Demonstração do BB84: distribuição de chaves
Alice vai enviar para Bob uma sequência de qubits. Bob vai medi-los. O que eles acabam compartilhando não é uma mensagem. É uma chave aleatória secreta que ninguém mais poderia ter visto sem deixar marcas.
Aqui está exatamente o que Alice faz. Para cada bit da chave, ela segue o mesmo processo.
Primeiro, ela joga uma moeda. Isso lhe dá um bit aleatório, chamado b. Cara é 0, coroa é 1.
Depois ela joga de novo. Isso lhe dá uma base aleatória, chamada p. Cara é 0 (a base Z), coroa é 1 (a base X).
Ela prepara o qubit dela de acordo com esta tabela:
| b | p | Qubit enviado |
|---|---|---|
| 0 | 0 | |0⟩ |
| 1 | 0 | |1⟩ |
| 0 | 1 | |+⟩ |
| 1 | 1 | |−⟩ |
Se o bit dela é 0 e a base é Z, ela envia |0⟩. Se o bit é 1 e a base é Z, ela envia |1⟩. Se a base é X, ela envia |+⟩ ou |−⟩.
Repare que se você não souber qual base Alice usou, não dá para extrair o bit dela de forma confiável. Medir um estado da base Z na base X dá um resultado completamente aleatório, e vice-versa. A base é a chave da chave.
Alice preparou os qubits dela. Agora é sua vez.

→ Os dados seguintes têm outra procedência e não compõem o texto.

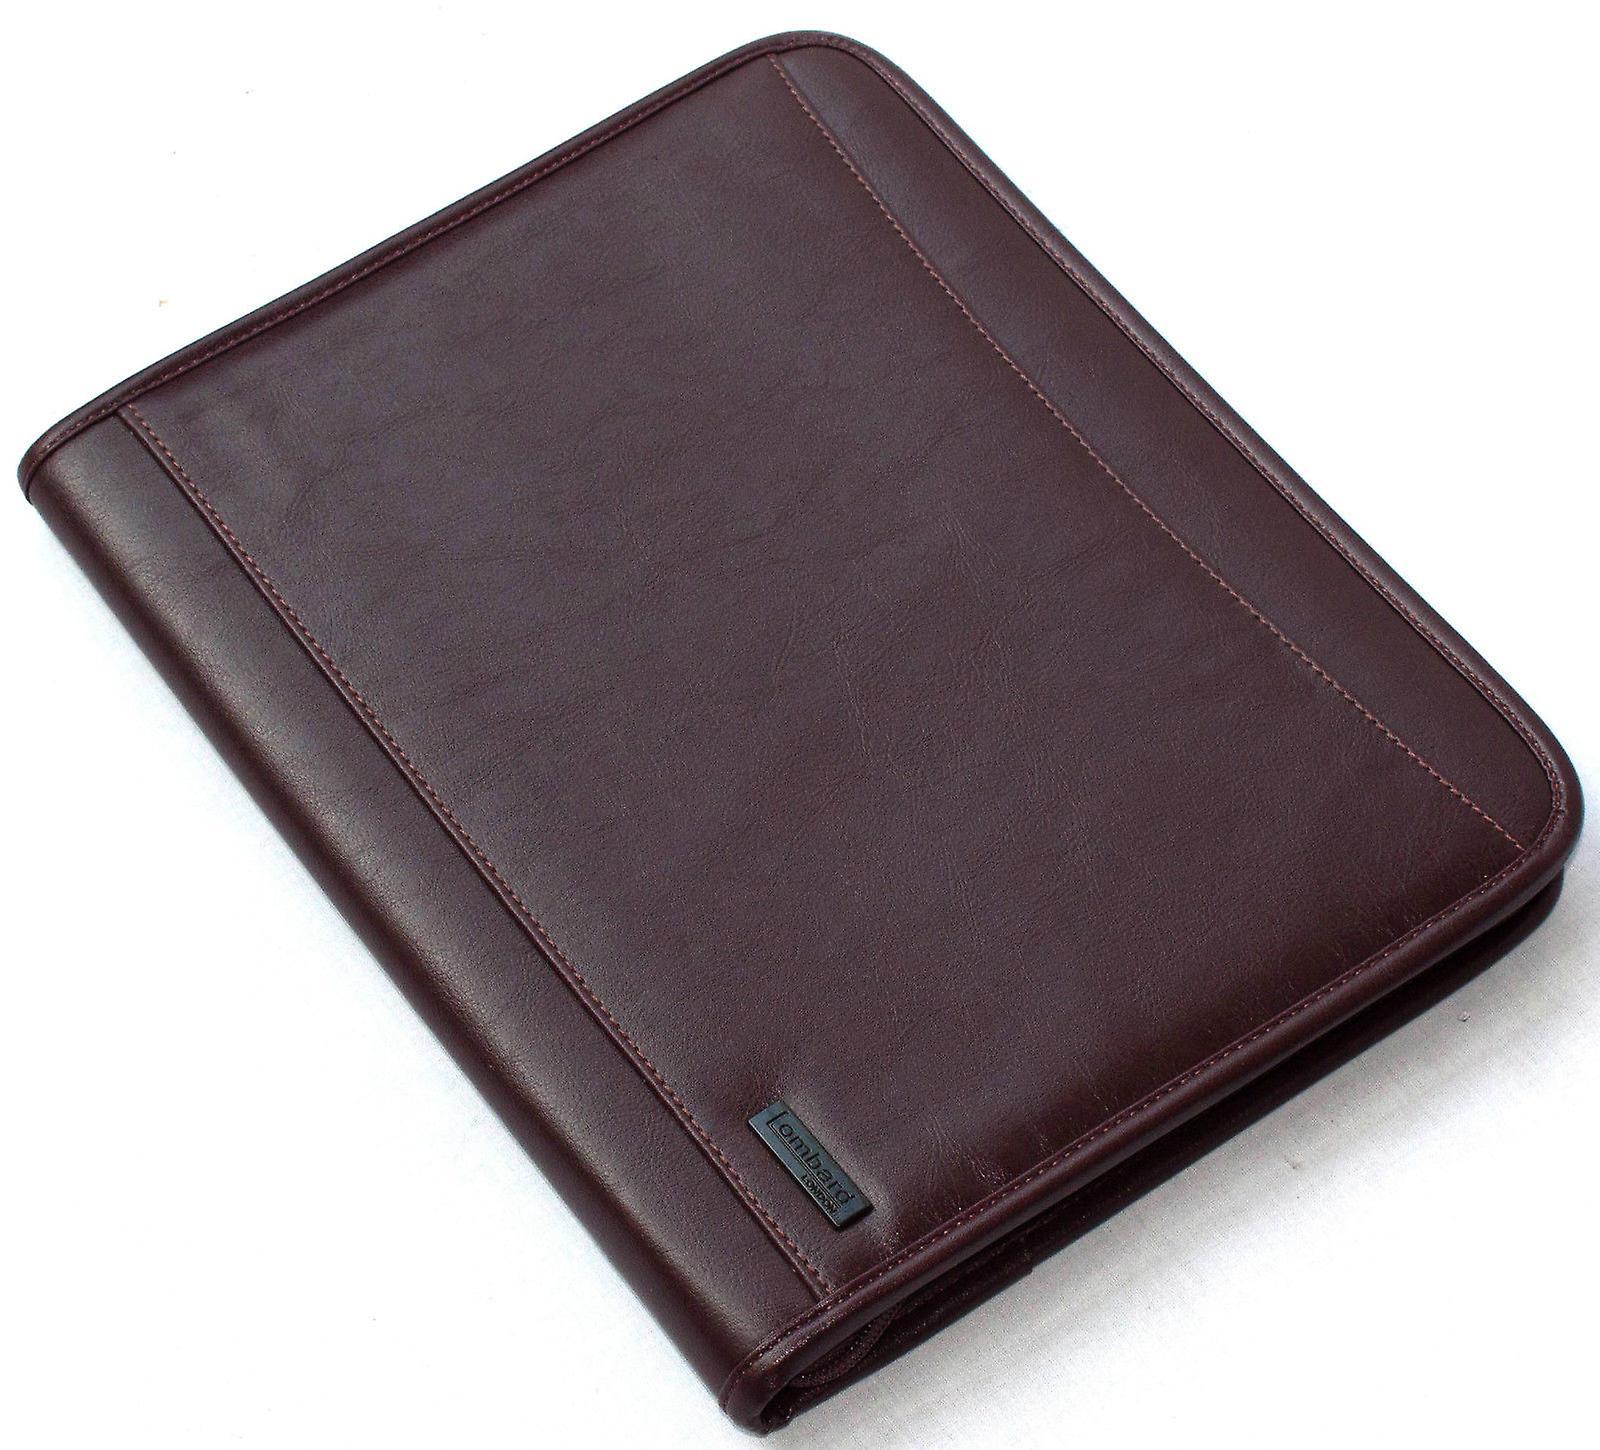 A4 Conference Folder Folio Case Pu Leather Ipad Tablet Holder Pad Organiser

Você é o Bob. Em cada rodada, Alice jogou as duas moedas em segredo e preparou um qubit. Escolha uma base (Z ou X) e meça. Anote seu resultado e não o compartilhe com ninguém.

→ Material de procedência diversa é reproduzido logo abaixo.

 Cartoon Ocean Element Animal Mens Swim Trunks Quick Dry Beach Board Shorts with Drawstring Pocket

Quando as 10 rodadas terminarem, Alice anuncia publicamente qual base usou em cada rodada. Não o bit. Apenas a base.
Compare suas escolhas de base com as de Alice. Em qualquer rodada em que vocês escolheram bases diferentes, descarte-a. A medição que você obteve foi aleatória e sem sentido.
O que sobra é sua chave compartilhada. Alice tem exatamente a mesma sequência de bits do lado dela.
Nenhum de vocês escolheu essa chave. Alice escolheu os bits dela ao acaso. Você escolheu as bases ao acaso. A chave surgiu das rodadas em que vocês por acaso concordaram.
Demonstração do BB84: interferência
Mas e se alguém estivesse ouvindo?
Eve intercepta cada qubit antes que ele chegue até você. Ela tem o mesmo problema que você tinha. Não sabe qual é a base de Alice. Tem que adivinhar.
Quando Eve adivinha a base errada, ela perturba o qubit. Não dá para desfazer isso. Ela tem que mandar um qubit novo para você baseado no que ela mediu, que pode estar completamente errado.
Rode a demo de novo, agora com Eve no canal. Quando as 10 rodadas terminarem, Alice vai revelar publicamente os bits dela para as primeiras 5 posições da chave compartilhada. Compare com os seus.
Você vê erros? Essas são as marcas da Eve. Quando ela adivinhou a base errada, te mandou um qubit perturbado, e sua medição saiu errada.
Num canal limpo sem espião, sua taxa de erro deveria ser zero. A interferência da Eve a empurra para cerca de 25%.
Sem erros na sua amostra significa que não há espião. Sua chave está segura. Use-a com uma chave de uso único para cifrar sua mensagem.
Erros na sua amostra significam que alguém estava ouvindo. Jogue a chave fora e comece de novo em outro canal.